We have a top tip here, a great question to keep in your tool belt as an incident commander. A simple question that can immediately diffuse this situation.


Do You Wish To Take Command?

050 050. Do you wish to take command? Docs Reference

Do you wish to take command?

Watch how quickly they don’t answer with “yes”.

If they do, great! You’re off the hook and can respond with,

Understood. Everyone on the call be advised, I'm handing over command to executive A. They are now the Incident Commander.

But most of the time they’ll say either say "No"", or not answer at all, in which case you can continue on as normal, perhaps saying,

In that case, please cause no further interruptions or I will have to remove you from the call.

But "Do you wish to take command?" is the most useful phrase for dealing with that kind of executive hostile takeover.


Executive Swoop

051 051. Executive swoop.

This is a class of problem we call Executive Swoop. Well, actually it's "Executive Swoop and Poop", but I was asked not to put that on the slide.

The previous example isn't typical though. It's rare for someone to come in and purposefully start causing a problem like that.

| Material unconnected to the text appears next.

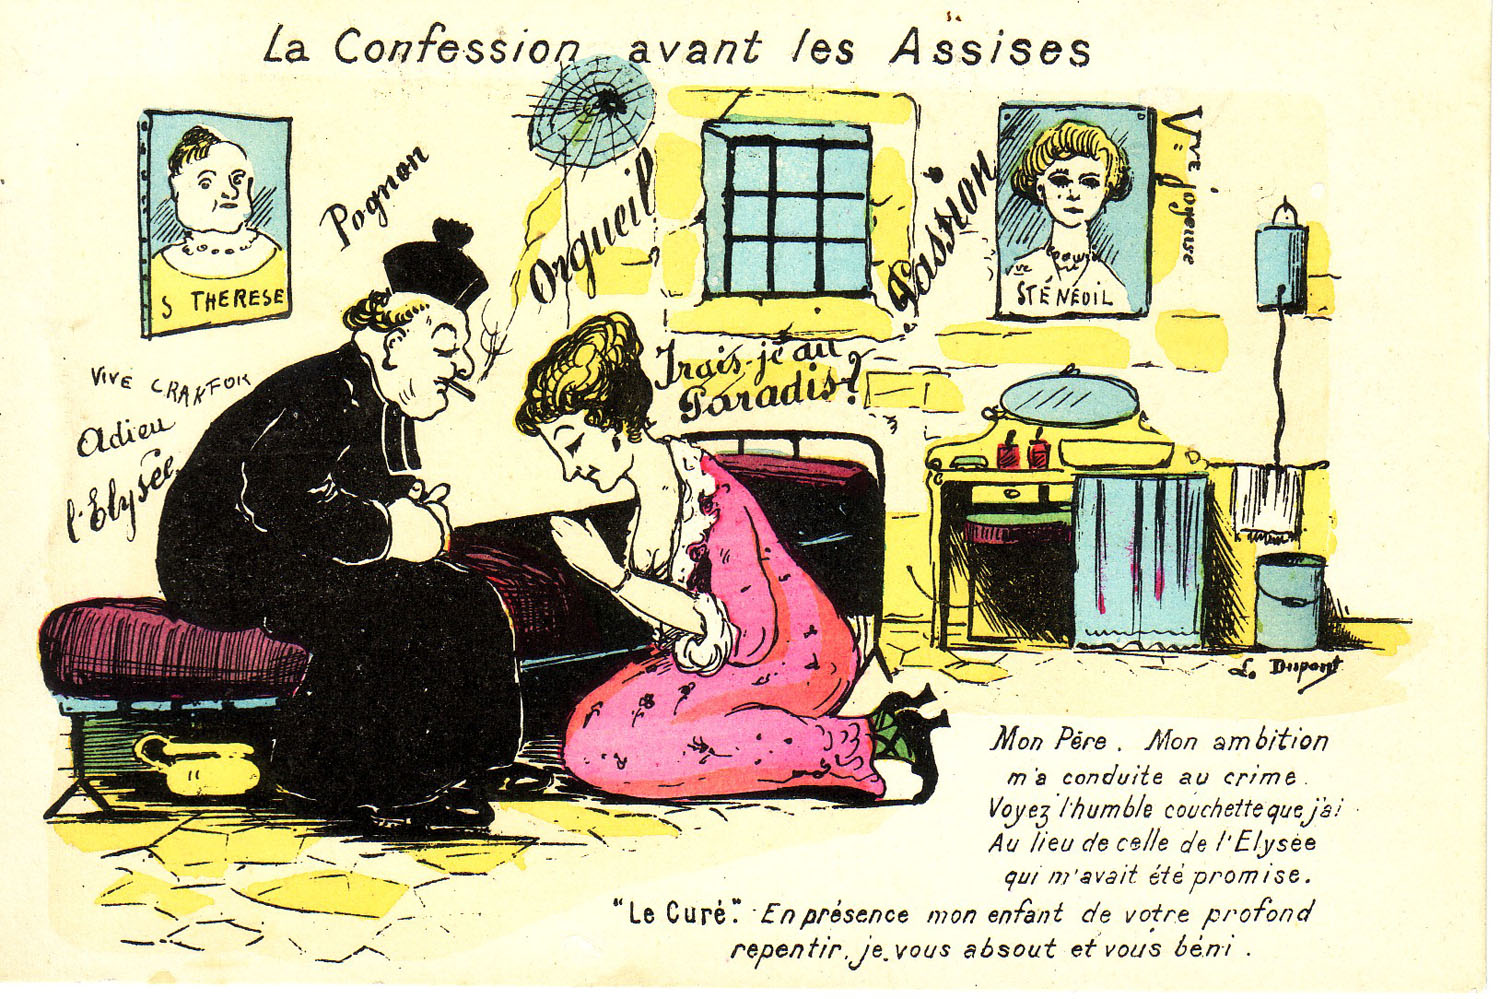 “La Confession avant les Assises” “The Confession before the Assises”

We're going to look at some more common examples of executive swoop next, but it's worth noting that none of these happen maliciously. No executive joins with the intent of hindering the process, they’re trying to motivate people and find out what’s going on. It’s their business too! Making sure your executives understand why these things are a problem is important, so be sure to followup after an incident if these things happen.


Let's Resolve This in 10 Minutes

052 052. Let's try and resolve this in 10 minutes.

Let's try and resolve this in 10 minutes please!

This one definitely wasn't said by anyone at PagerDuty ever. Nope. Definitely not.

On the surface this seems pretty benign. The executive is merely trying to motivate staff and encourage them to solve the problem quickly, right?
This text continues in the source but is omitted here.